Over the past few decades, the FTC has used its Section 5 authority to establish standards for the processing of personal data through enforcement actions against specific companies, as well as non-binding guidance and policy documents. Until recently, the FTC limited its rulemaking activity to specific industries or practices for which Congress granted clear regulatory authority, such as children's privacy or the security of personal information that financial institutions handle.

The FTC, however, has indicated that the growing digital economy, coupled with business models that are based on monetising personal data, may have given rise to unfair or deceptive data practices that are prevalent. As discussed in 4. Artificial Intelligence and Big Data, the FTC is now considering developing regulations to govern "commercial surveillance" and data security, which could apply far more broadly than the sector-specific rules mentioned above.

Industry-Specific Laws

Other federal and state regulators play an important role in the legal order surrounding the digital economy.
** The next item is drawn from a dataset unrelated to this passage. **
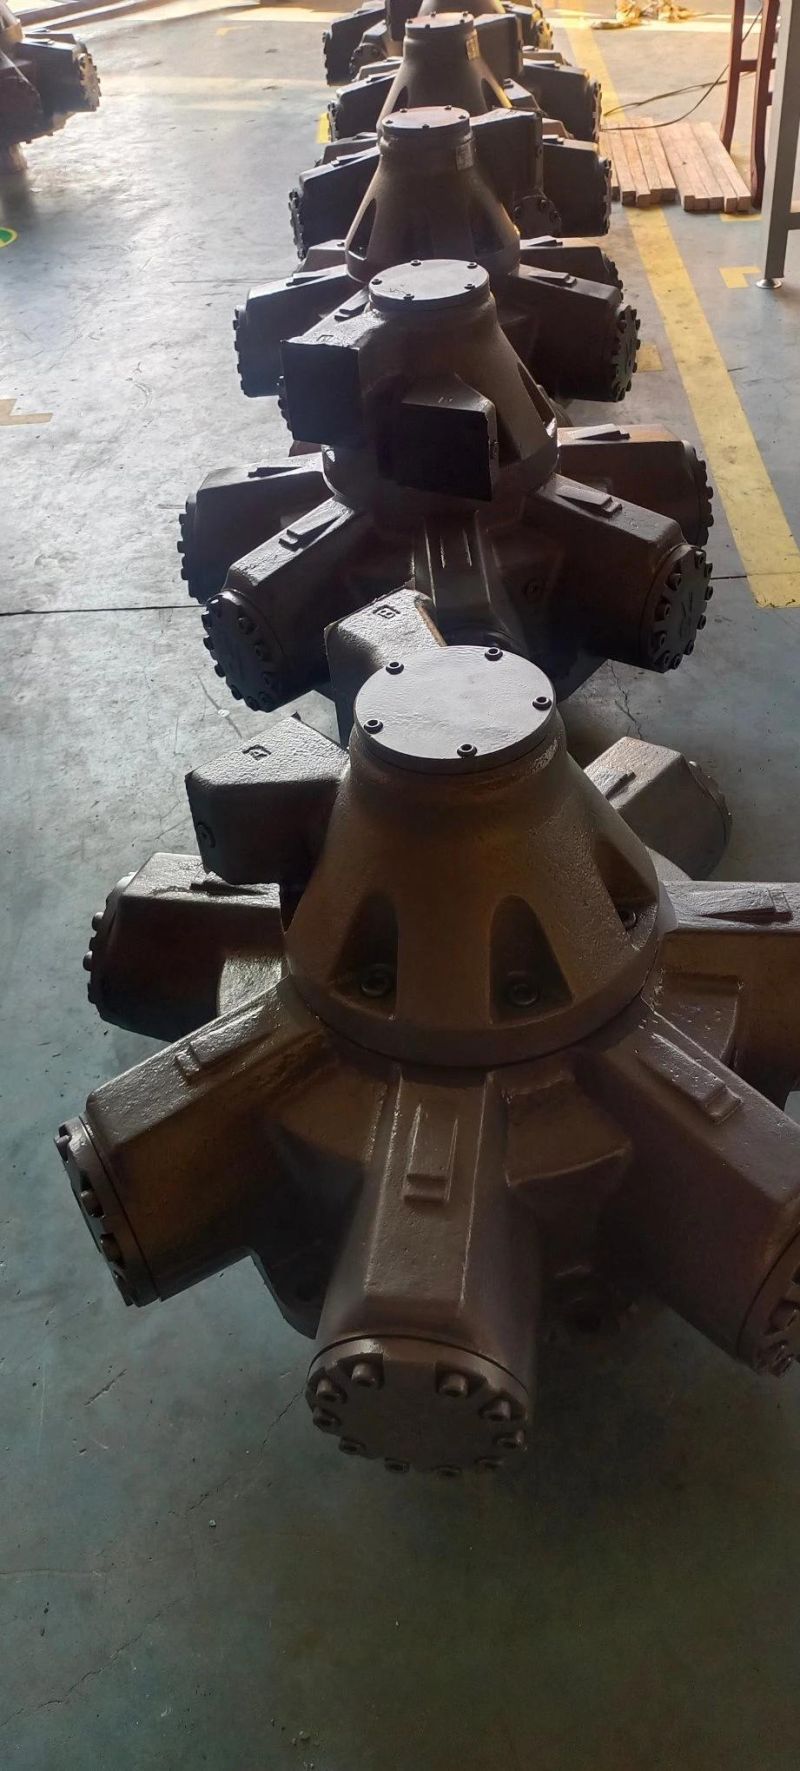 China Manufacturer of Staffa Hydraulic Motor Replace Kawasaki Kayaba for Winch and Mining Machine Motor.

For example, a number of federal laws applicable to entities operating in specific industries apply to the operation of a digital business in those industries, including financial institutions, health care providers and insurers (and their business associates), companies doing business with governmental entities, and educational institutions. See 3. Cloud and Edge Computing for a summary of some of these laws.

3. Cloud and Edge Computing

3.1 Highly Regulated Industries and Data Protection

Laws and Regulations

Entrusting processes or data to a cloud or other distributed computing environment like edge computing may implicate a variety of laws and regulation in the US depending upon the industry, data, and users involved. Laws and regulations at the federal and state level – as well as laws of foreign jurisdictions – may apply directly to providers of these services operating in the US as well as their customers. In addition, these offerings often involve providers processing data on behalf of customers that is subject to additional regulation (such as controllers of personal data). The obligations of those customers are required to be passed through to the providers in the computing contracts.

Sector-Specific Laws and Regulations and Industry Standards

Laws and standards that govern entities operating in specific industries, including financial institutions, health care providers and insurers (and their business associates), companies doing business with governmental entities, educational institutions, and telecommunications common carriers, are applicable to cloud and edge computing providers and information received by the providers. The following laws and standards are frequently implicated when such entities move processes and data to the cloud.

Financial institutions

The Gramm-Leach-Bliley Act (GLBA) is a US federal law regulating the treatment of non-public personal information (NPI) by financial institutions, such as banks, financial advisors, and insurance companies.

The GLBA includes provisions on privacy applicable to the collection and disclosure of NPI (the "Privacy Rule") and security provisions requiring the financial institutions to protect NPI (the "Safeguards Rule"). The GLBA applies not only to financial institutions, but may also apply to companies receiving non-public personal information from a financial institution or who perform activities that are financial in nature or incidental to financial activities. Entities subject to the GLBA generally require their providers to agree to contract terms that reflect the applicable obligations under the GLBA.

An entity subject to the GLBA utilising a third party service provider for processing will need to confirm the selection of a service provider that maintains appropriate policies and safeguards consistent with the GLBA and enter into an appropriate contract.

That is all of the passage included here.